Impugnazione patteggiamento: i rigidi confini del ricorso in Cassazione
Nel panorama del diritto processuale penale, l’impugnazione patteggiamento rappresenta un ambito caratterizzato da limiti molto stringenti per le parti. Una recente ordinanza della Corte di Cassazione ha ribadito con fermezza che non è possibile utilizzare il ricorso per legittimità per rimettere in discussione aspetti discrezionali della pena concordata, come la mancata concessione delle attenuanti generiche o il semplice calcolo della sanzione.
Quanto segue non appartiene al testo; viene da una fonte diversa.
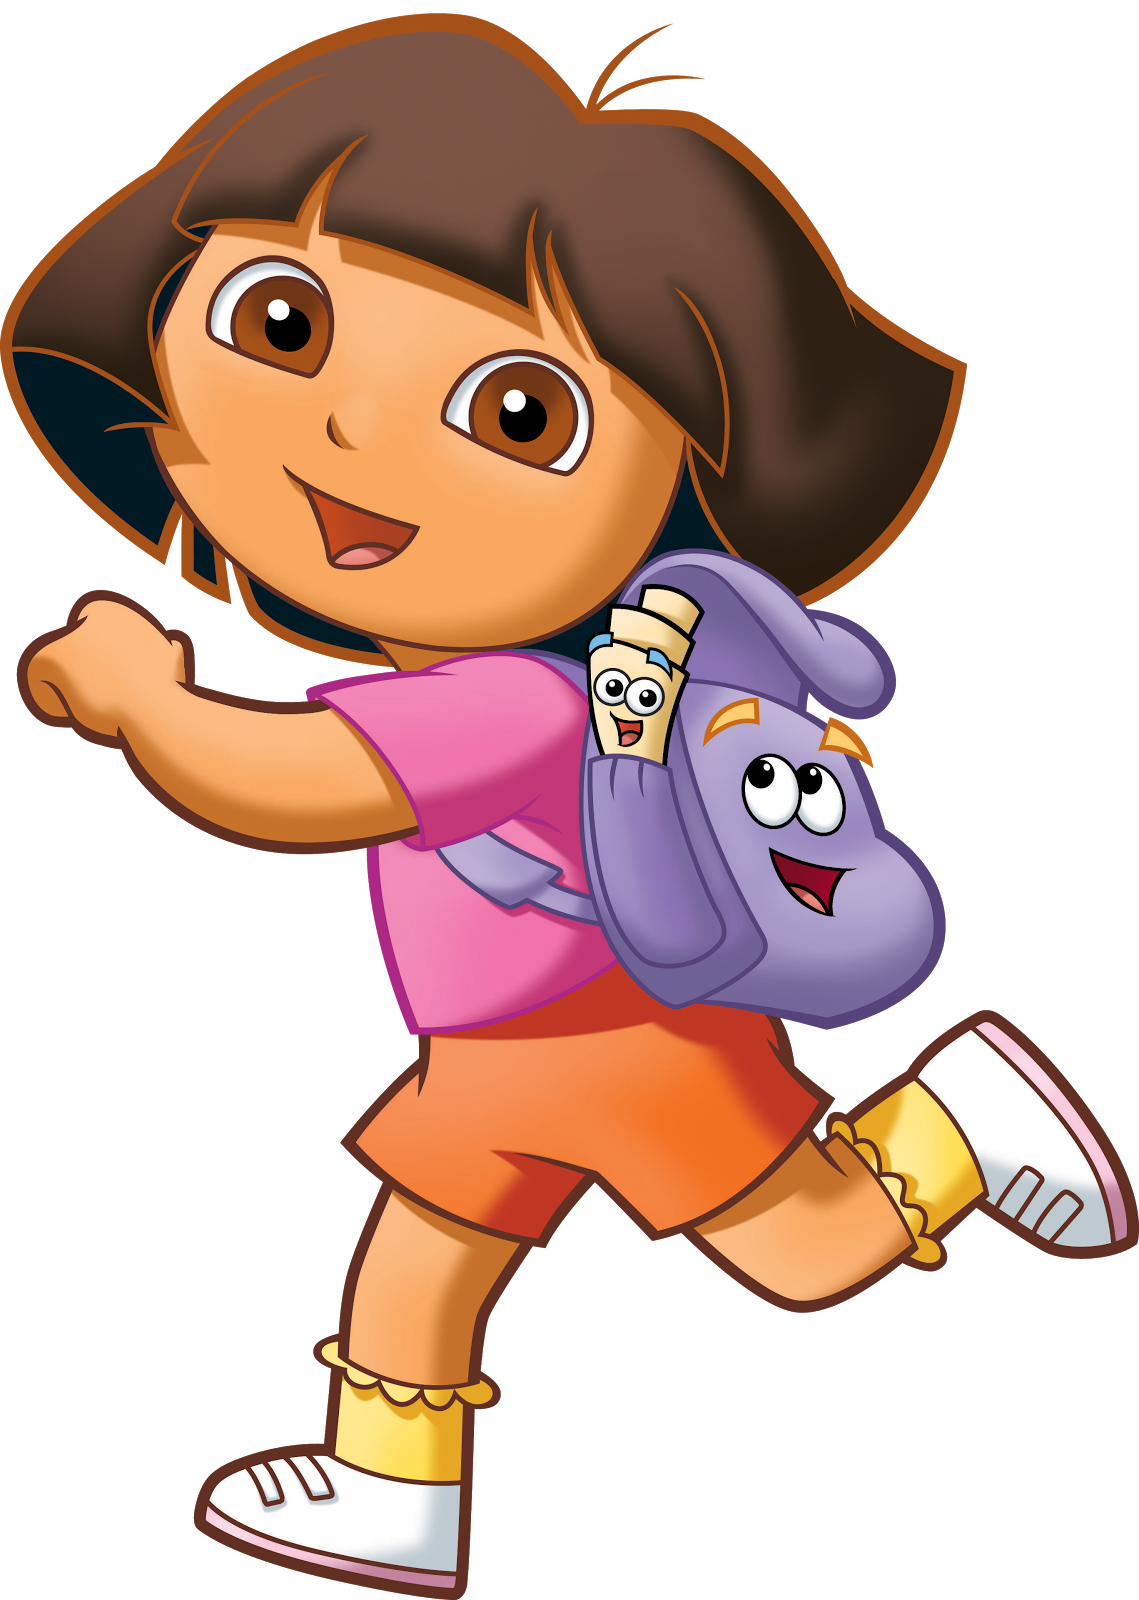 Cartoon Characters Dora The Explorer Png Pack
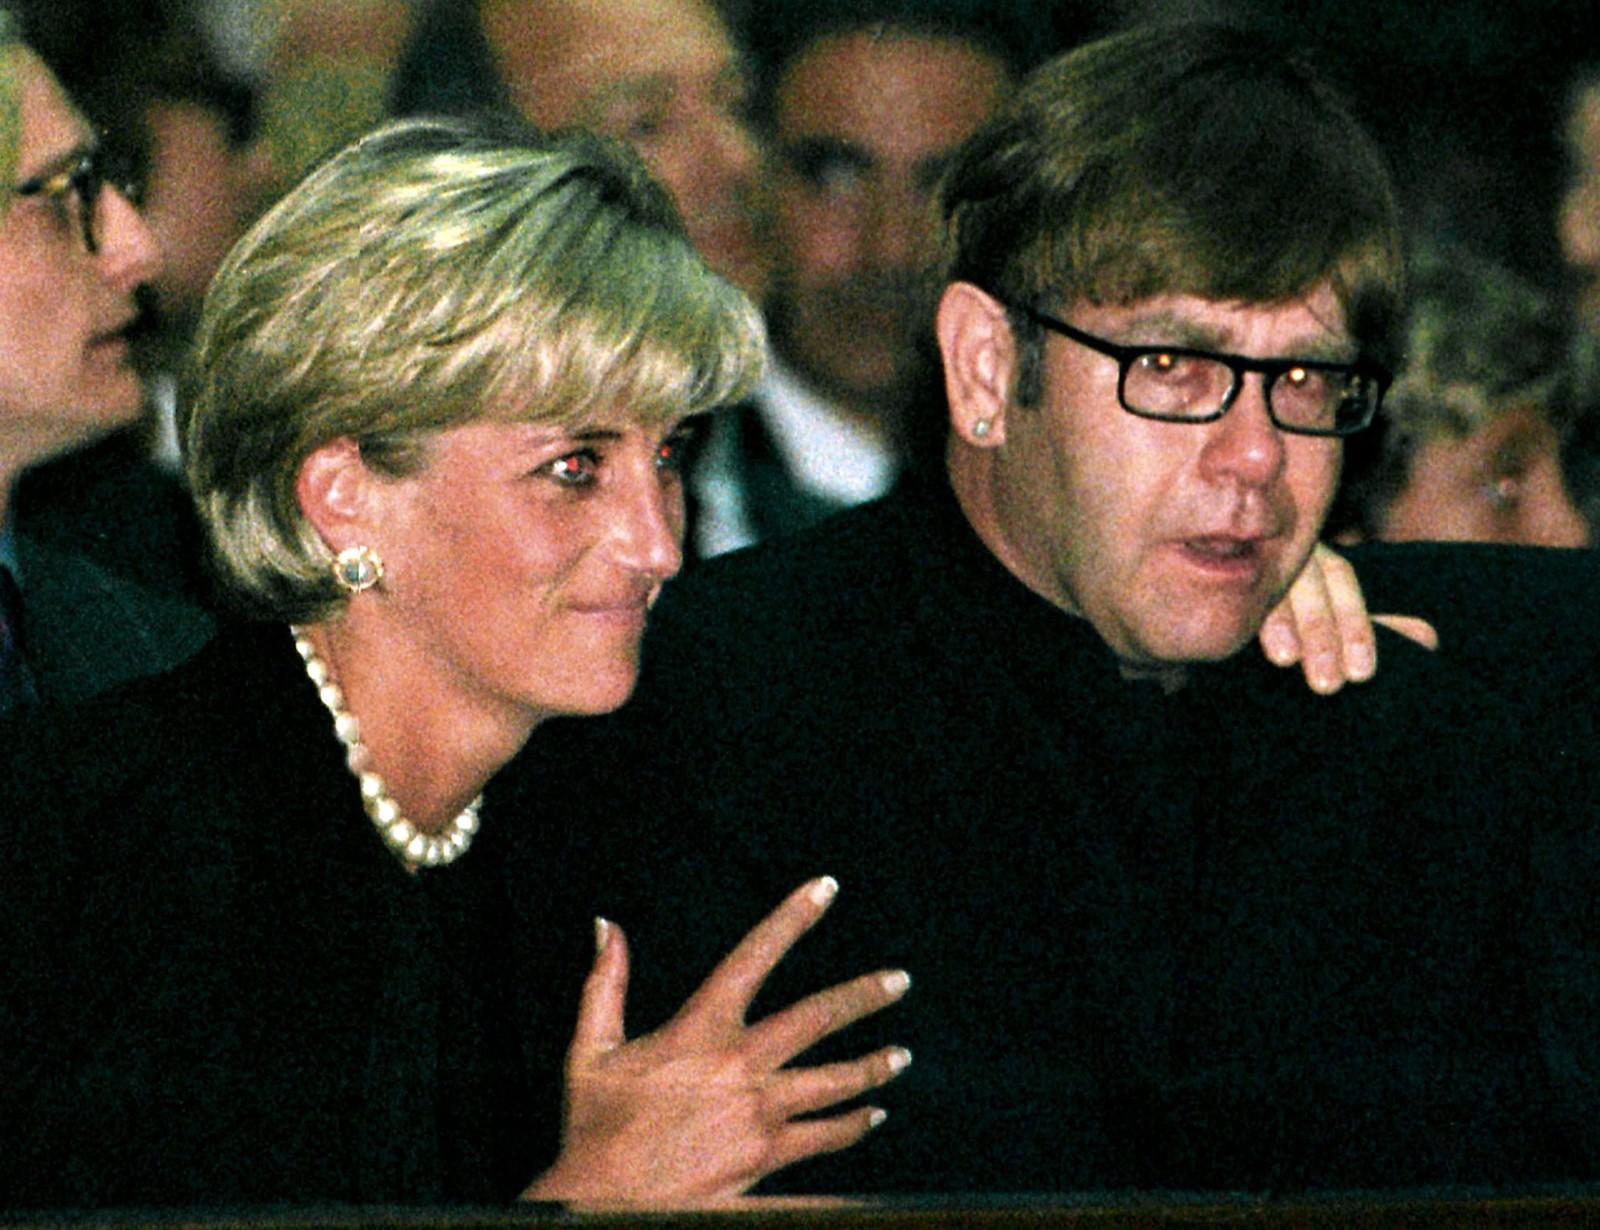 1997: Prinsesse Diana trøystar ein gråtande Elton John under minneseremonien for den italienske moteskaparen Gianni Versace i katedralen i Milano 22. juli.

Il caso analizzato dalla Suprema Corte
La vicenda trae origine dal ricorso presentato da un imputato avverso una sentenza emessa dal GIP del Tribunale di Piacenza a seguito di applicazione della pena su richiesta delle parti (il cosiddetto patteggiamento). Il ricorrente lamentava vizi di motivazione relativi alla mancata applicazione delle circostanze attenuanti generiche e alla misura della pena inflitta, ritenendola eccessiva o non correttamente parametrata.
L’intervento della Cassazione si è reso necessario per verificare se tali doglianze potessero trovare spazio nel giudizio di legittimità, alla luce delle riforme normative che hanno drasticamente ridotto i margini di manovra per chi decide di accedere a questo rito speciale.
Le restrizioni introdotte dalla Riforma Orlando
La decisione della Corte si fonda sull’interpretazione dell’articolo 448, comma 2-bis, del codice di procedura penale. Questa norma, introdotta nel 2017, ha lo scopo di deflazionare il carico della Cassazione impedendo ricorsi su sentenze di patteggiamento che non riguardino questioni puramente giuridiche o la legalità della pena stessa.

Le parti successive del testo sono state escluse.